▶ _DATA SUPPLIED_
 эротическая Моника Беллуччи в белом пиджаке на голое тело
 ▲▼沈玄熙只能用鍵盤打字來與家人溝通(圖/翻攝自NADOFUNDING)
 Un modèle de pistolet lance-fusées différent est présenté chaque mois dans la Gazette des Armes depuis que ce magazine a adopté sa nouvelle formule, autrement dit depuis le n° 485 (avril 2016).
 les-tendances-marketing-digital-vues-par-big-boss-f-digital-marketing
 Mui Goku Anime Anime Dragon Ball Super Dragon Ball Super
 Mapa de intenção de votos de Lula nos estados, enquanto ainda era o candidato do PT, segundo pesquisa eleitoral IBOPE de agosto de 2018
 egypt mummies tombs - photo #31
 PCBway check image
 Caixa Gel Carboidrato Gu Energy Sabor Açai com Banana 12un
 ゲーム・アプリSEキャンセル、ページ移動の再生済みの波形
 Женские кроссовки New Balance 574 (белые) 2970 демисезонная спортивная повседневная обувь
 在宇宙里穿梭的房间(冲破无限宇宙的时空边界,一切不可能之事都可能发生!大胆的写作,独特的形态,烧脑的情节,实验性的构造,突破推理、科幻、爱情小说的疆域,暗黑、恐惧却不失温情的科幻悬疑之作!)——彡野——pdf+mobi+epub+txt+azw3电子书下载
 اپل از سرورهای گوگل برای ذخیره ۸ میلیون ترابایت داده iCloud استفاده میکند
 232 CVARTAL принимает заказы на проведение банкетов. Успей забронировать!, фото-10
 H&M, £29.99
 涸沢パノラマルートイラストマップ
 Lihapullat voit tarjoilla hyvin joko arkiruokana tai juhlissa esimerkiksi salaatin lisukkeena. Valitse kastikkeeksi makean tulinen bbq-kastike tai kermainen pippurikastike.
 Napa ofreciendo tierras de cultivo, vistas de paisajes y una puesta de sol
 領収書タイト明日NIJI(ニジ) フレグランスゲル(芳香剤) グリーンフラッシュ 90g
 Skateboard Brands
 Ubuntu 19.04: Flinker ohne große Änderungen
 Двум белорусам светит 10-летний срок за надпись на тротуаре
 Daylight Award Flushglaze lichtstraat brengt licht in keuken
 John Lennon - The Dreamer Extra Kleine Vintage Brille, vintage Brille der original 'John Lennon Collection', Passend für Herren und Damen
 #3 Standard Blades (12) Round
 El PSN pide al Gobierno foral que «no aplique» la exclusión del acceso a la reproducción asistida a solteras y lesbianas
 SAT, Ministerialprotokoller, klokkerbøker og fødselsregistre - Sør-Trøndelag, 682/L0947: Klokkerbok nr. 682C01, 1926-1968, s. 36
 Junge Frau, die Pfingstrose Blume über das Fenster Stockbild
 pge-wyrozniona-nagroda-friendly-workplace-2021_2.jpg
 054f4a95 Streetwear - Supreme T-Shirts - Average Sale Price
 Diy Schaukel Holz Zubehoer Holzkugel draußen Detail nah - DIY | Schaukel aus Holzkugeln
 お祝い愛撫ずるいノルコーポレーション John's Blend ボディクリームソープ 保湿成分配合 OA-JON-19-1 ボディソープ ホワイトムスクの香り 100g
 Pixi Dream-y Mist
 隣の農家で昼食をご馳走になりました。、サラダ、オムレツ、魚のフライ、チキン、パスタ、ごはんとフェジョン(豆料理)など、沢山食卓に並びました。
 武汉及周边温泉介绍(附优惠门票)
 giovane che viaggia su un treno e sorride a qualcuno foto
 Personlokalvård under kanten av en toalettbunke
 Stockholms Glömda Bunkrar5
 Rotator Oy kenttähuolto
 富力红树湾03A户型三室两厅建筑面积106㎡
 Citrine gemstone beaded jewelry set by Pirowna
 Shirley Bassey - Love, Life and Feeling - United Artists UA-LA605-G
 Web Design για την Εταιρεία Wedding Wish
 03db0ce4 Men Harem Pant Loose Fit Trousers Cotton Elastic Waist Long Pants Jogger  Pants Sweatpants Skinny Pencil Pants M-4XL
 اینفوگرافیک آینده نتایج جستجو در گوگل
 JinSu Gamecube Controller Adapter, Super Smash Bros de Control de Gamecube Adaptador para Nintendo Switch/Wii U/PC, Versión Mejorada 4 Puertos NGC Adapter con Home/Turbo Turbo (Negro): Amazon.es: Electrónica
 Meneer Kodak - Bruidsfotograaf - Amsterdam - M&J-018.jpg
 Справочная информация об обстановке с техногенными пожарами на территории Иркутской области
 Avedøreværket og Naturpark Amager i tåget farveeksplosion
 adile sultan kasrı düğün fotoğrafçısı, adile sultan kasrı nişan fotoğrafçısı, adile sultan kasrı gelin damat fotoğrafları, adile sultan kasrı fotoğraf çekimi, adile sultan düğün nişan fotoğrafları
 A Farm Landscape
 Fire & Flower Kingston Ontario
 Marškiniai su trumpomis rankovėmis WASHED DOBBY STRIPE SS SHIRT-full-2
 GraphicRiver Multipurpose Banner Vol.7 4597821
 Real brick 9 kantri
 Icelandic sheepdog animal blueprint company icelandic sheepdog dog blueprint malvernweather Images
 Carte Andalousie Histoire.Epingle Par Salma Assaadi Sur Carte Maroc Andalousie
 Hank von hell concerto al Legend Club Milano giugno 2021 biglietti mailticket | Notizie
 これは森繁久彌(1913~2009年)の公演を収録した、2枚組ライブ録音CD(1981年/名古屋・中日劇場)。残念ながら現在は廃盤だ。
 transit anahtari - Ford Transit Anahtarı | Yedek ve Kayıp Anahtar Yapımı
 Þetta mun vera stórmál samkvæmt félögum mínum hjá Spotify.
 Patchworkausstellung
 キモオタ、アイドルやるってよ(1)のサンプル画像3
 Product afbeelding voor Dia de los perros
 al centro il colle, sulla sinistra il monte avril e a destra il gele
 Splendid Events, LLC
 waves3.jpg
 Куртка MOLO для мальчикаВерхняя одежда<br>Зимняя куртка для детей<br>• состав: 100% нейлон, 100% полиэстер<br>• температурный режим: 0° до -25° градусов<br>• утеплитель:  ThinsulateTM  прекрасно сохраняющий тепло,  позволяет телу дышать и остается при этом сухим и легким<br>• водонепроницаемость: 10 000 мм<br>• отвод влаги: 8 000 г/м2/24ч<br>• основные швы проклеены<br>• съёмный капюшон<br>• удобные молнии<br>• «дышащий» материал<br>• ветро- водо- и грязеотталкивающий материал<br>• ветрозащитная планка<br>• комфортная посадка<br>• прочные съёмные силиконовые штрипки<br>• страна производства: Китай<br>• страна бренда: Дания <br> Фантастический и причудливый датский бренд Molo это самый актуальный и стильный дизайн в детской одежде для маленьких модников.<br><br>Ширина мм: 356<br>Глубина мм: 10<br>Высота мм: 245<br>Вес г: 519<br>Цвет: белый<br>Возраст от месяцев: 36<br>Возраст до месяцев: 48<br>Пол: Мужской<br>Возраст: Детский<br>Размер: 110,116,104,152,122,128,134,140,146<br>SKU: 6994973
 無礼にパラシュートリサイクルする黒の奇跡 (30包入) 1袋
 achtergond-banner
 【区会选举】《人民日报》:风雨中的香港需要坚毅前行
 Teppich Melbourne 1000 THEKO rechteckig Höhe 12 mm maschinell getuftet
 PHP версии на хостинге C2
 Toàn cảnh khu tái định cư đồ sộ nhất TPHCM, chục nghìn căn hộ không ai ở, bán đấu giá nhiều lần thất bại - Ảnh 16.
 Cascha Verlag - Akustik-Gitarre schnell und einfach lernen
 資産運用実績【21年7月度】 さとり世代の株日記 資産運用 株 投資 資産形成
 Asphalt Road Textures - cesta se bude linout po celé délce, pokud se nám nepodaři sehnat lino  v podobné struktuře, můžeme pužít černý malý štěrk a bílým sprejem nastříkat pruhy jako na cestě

▶ _YOUR GOAL_
Copy every line from the records that holds the string "گوگل".

▶ _SOLVED EXERCISE_
 اپل از سرورهای گوگل برای ذخیره ۸ میلیون ترابایت داده iCloud استفاده میکند
 اینفوگرافیک آینده نتایج جستجو در گوگل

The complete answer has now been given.